P.S:I am looking for a hint and not the whole solution.
BdMO 2012 nationals secondary:
The vertices of a right triangle $ABC$ inscribed in a circle divide the circumference into three arcs. The
right angle is at $A$, so that the opposite arc BC is a semicircle while arc $AB$ and arc $AC$ are
supplementary. To each of the three arcs, we draw a tangent such that its point of tangency is the
midpoint of that portion of the tangent intercepted by the extended lines $AB$ and $AC$. More precisely, the
point $D$ on arc $BC$ is the midpoint of the segment joining the points $D'$ and $D''$ where the tangent at $D$
intersects the extended lines $AB$ and $AC$. Similarly for $E$ on arc $AC$ and $F$ on arc $AB$. Prove that triangle
$DEF$ is equilateral.
I have tried angle chasing,POP,forming pedal triangles,looking for cyclic quadrilaterals etc..A prod in the correct direction will be appreciated.

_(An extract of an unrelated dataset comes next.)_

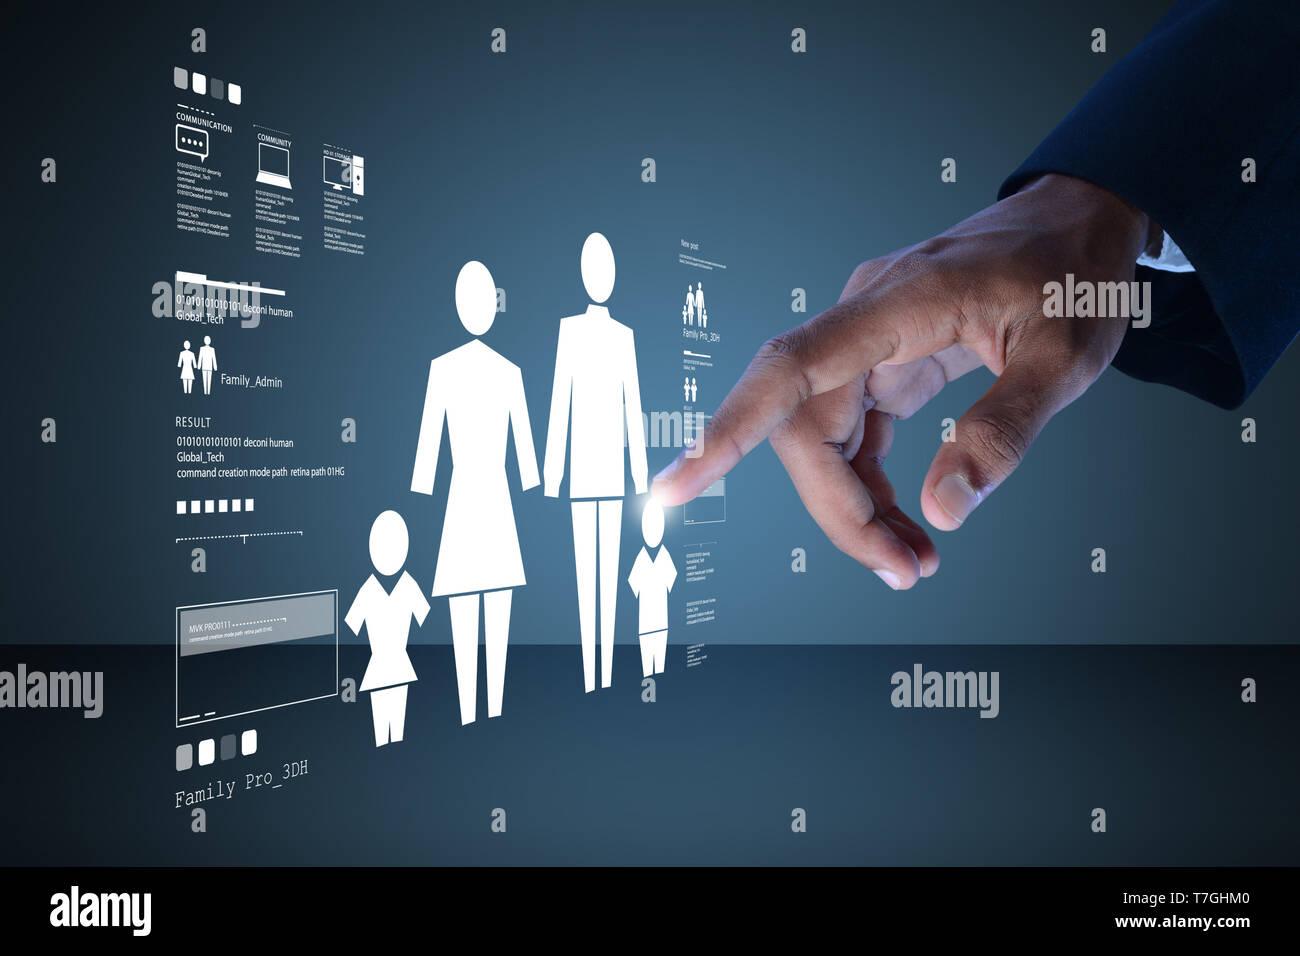 Man shows family icon - Stock Image

NOTE:If possible,please use an elementary approach to the problem.This contest usually emphasizes on Euclidean geometry so there must be a solution using Euclidean geometry.
Best Answer
Per light of @Blue's last comment, here's a (very brief) solution:
Since $E$ is the midpoint of $E'E''$ and $\angle A=90^\circ$, $\triangle AEE'$ is isosceles at $E$. It follows that $\angle AEE''=2 \angle EAE'$, equivalently $E$ trisects the small arc $AC$.
Similarly, $F$ trisects the small arc $AB$ and $D$ trisects the large arc $AC$ (and $AB$).
That would show $\triangle DEF$ is equilateral.